Suppose you decide to protect one of your documents from prying eyes. First, you create an encrypted copy using an encryption application. Then, you “wipe” (or “secure-delete”) the original document, which consists of overwriting it several times and deleting it. (This is necessary, because if you just deleted the document without overwriting it, all the data that was in the file would physically remain on the disk until it got overwritten by other data. See question above for an explanation of how file deletion works.)
Ordinarily, this would render the original, unencrypted document irretrievable. However, if the original file was stored on a volume protected by the Volume Shadow Copy service and it was there when a restore point was created, the original file will be retrievable using Previous versions. All you need to do is right-click the containing folder, click Restore previous versions, open a snapshot, and, lo and behold, you’ll see the original file that you tried so hard to delete!

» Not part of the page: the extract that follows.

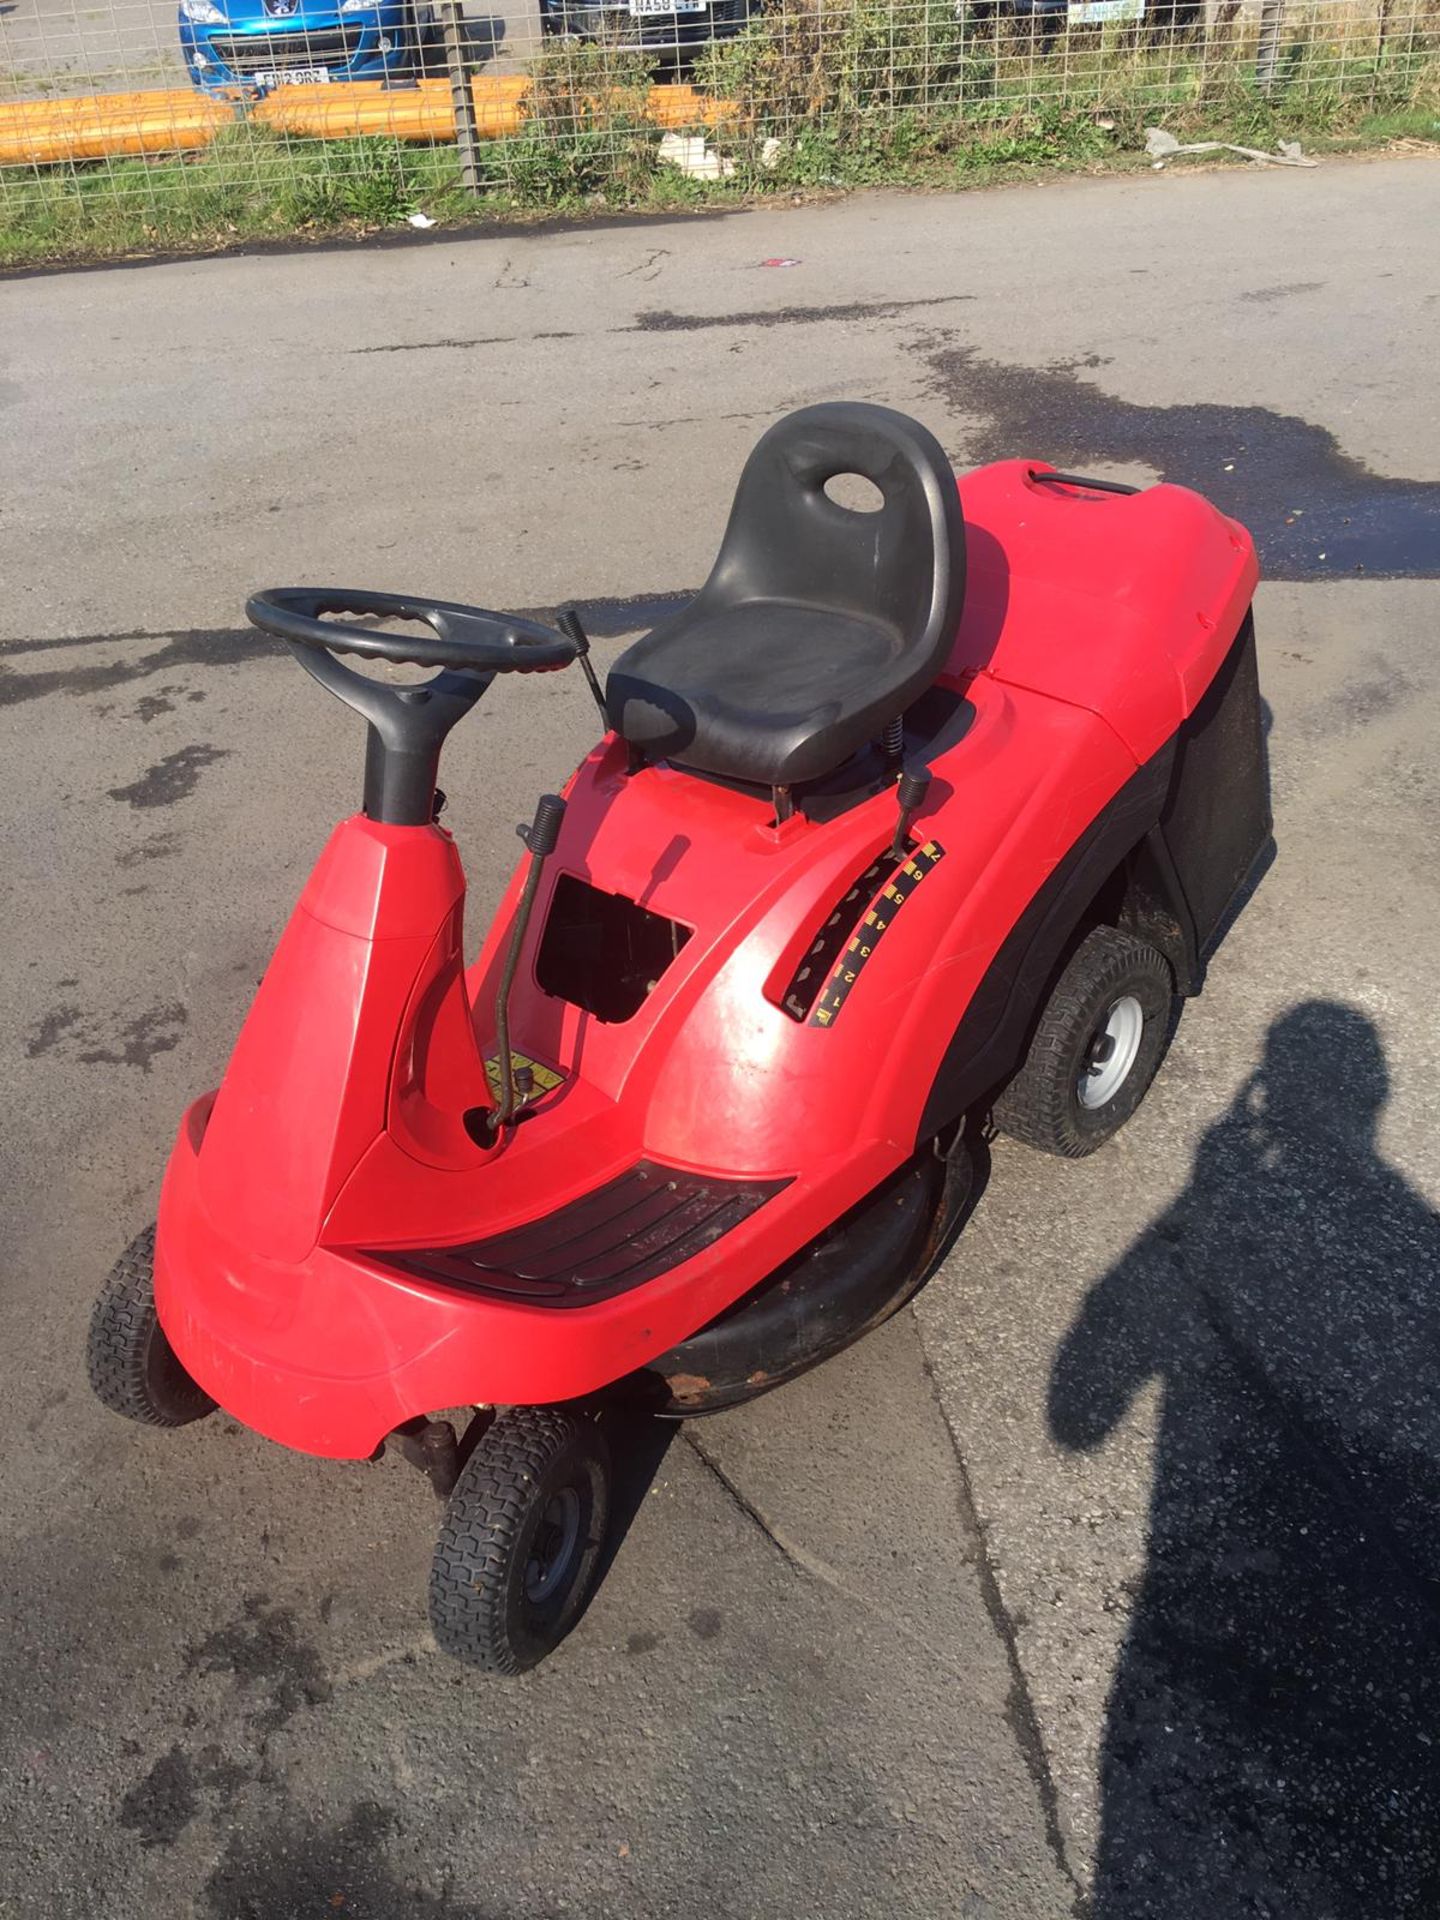 CASTLEGARDEN F72 RIDE ON LAWN MOWER WITH REAR COLLECTOR, YEAR 1998, 5.2KW, 163 KG *NO VAT*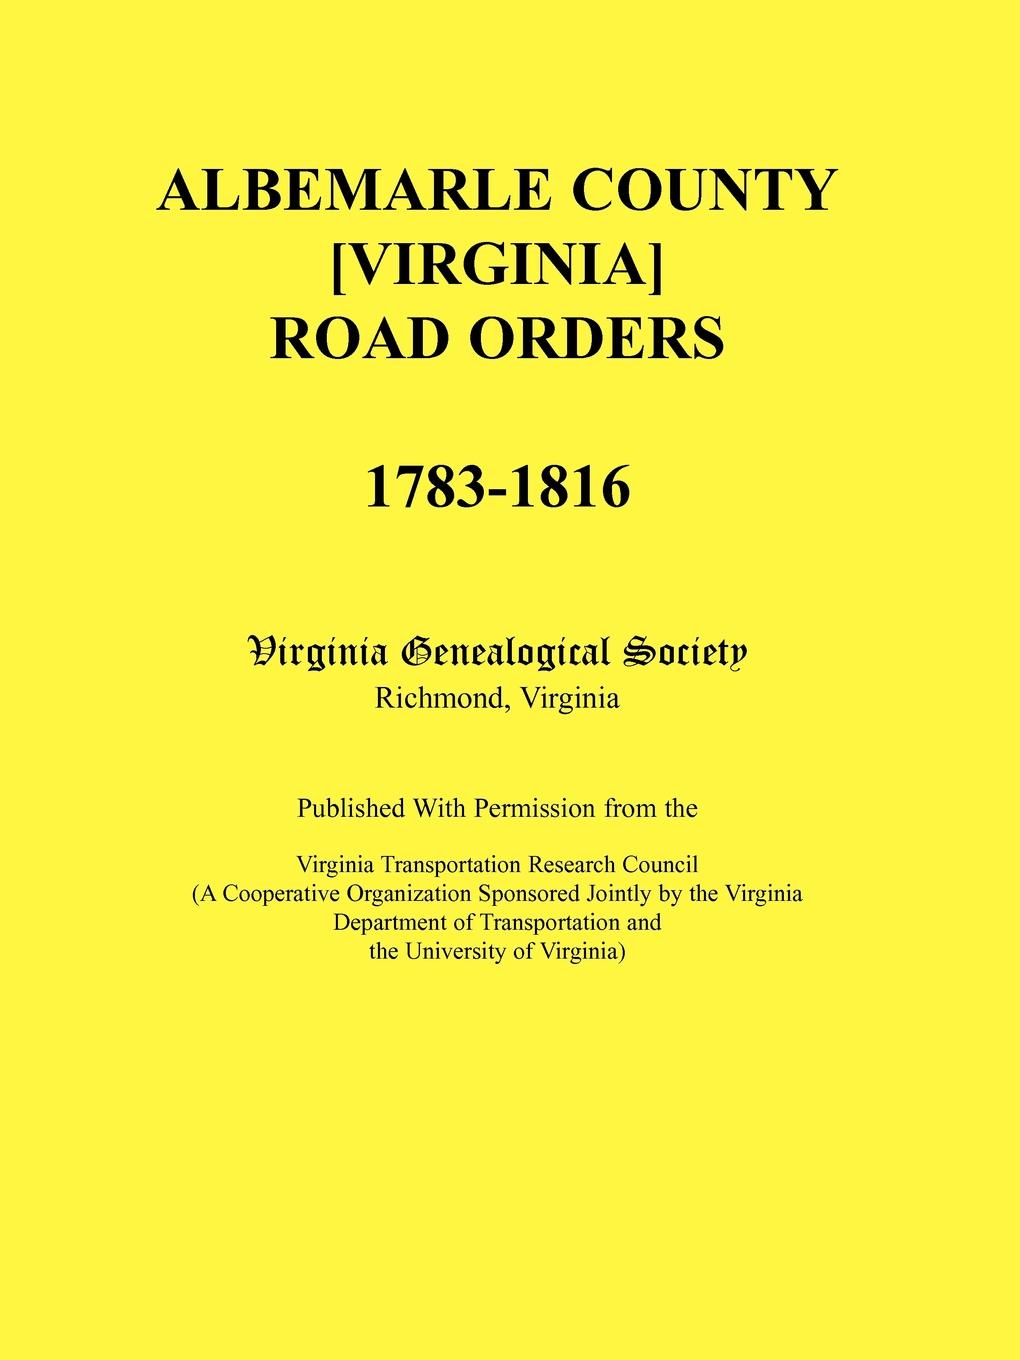 Albemarle County .Virginia. Road Orders, 1783-1816. Published With Permission from the Virginia Transportation Research Council (A Cooperative Organization Sponsored Jointly by the Virginia Department of Transportation and the University of Virginia

The reason wiping the file doesn’t help, of course, is that before the file’s blocks get overwritten, VSC will save them to the shadow copy. It doesn’t matter how many times you overwrite the file, the shadow copy will still be there, safely stored on a hidden volume.
Is there a way to securely delete a file on a volume protected by VSC?
No. Shadow copies are read-only, so there is no way to delete a file from all the shadow copies.